U.S. prices are based on the average for panels made in Cambodia, Malaysia, Thailand and Vietnam, and sold in the United States. U.S. solar manufacturing capacity has grown, but imports remain a majority of sales.
One of the big factors that contributed to decreases last year was oversupply in China and Southeast Asia, with factories producing many more panels than were being sold. This was good for developers of utility-scale solar farms, and bad for panel producers.
“There is still an oversupply,” Pierce said, but it’s less so than before.
Martin Schachinger had an early sense that the market was turning when he wrote in January that global prices were at a crossroads. He has a monthly column for pvXchange.com, a solar industry marketplace that he founded. His latest assessment, published on Monday, is that prices continue to rise moderately.
“The reasons for the general price increase along the entire photovoltaic supply chain can be found, among other things, in increasing domestic demand in China,” he said.
China is the global leader in solar photovoltaic panel production, with an 80 percent share of the market, according to a 2022 report from the International Energy Agency.
President Donald Trump imposed tariffs on Chinese panels during his first term and President Joe Biden allowed those tariffs to continue. The idea was that China’s output was being sold at artificially low prices that were harmful to U.S.-based producers.
Soon after, Southeast Asia emerged as the leading supplier to the United States and had its own controversy as some U.S. businesses said Chinese solar components were being sold through Southeast Asia to get around tariffs. I won’t dwell on the details other than to say that this is an ongoing dispute.
Since Trump returned to the White House in January, he has imposed new tariffs and taken many actions to roll back Biden-era policies that support renewable energy. But some of the most important U.S. policies supporting solar are untouched because they are part of laws that require congressional approval to revise. The big one is the Investment Tax Credit, which is a 30 percent credit on the costs of a solar project.
The possibility of additional tariffs and changes to tax credits has led to a sense of instability in the U.S. solar industry. This is evident in public statements from renewable energy trade groups, which are trying to shore up bipartisan support in Congress to oppose any effort to reduce or eliminate tax credits.
So far I’ve been talking about utility-scale solar—the large projects that feed into the electricity grid. Another important part of the market is distributed solar, customer-owned systems that are on rooftops and in yards of households and businesses.

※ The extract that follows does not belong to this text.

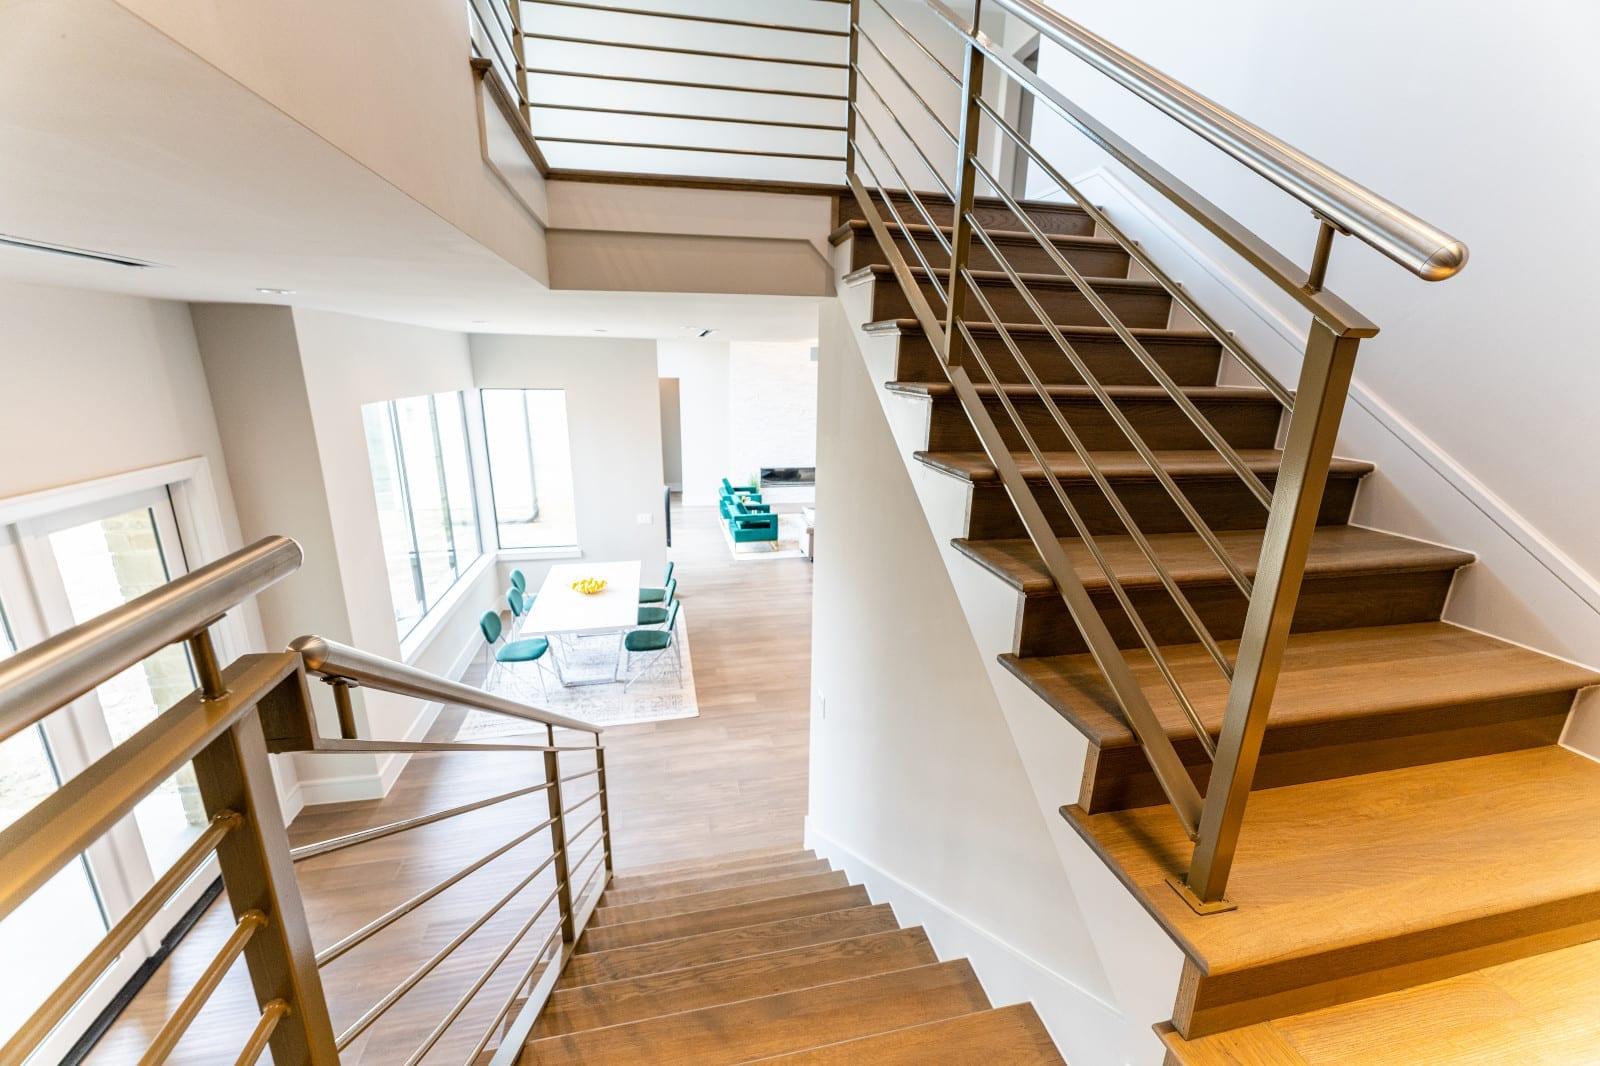 Modern Style Homes design # 29 - Millennial Design + Build

I spoke with Emily Walker of Energy Sage, a consumer-focused website that has an online marketplace for rooftop solar and energy storage, to get a sense of what’s happening in the rooftop market.
Her data has not shown a clear shift toward higher prices. The median cost per watt has essentially been flat since going from $2.50 per watt in June to $2.49 per watt in March. (This is an all-in rooftop solar price for the end user, including equipment, labor and financing costs, so it’s not comparable to utility-scale panel prices that just include the panels.)
Her website focuses on total costs for the end user for mostly small projects. The fact that prices are flat indicates that solar installers are absorbing the small shifts they may be seeing in their costs of goods.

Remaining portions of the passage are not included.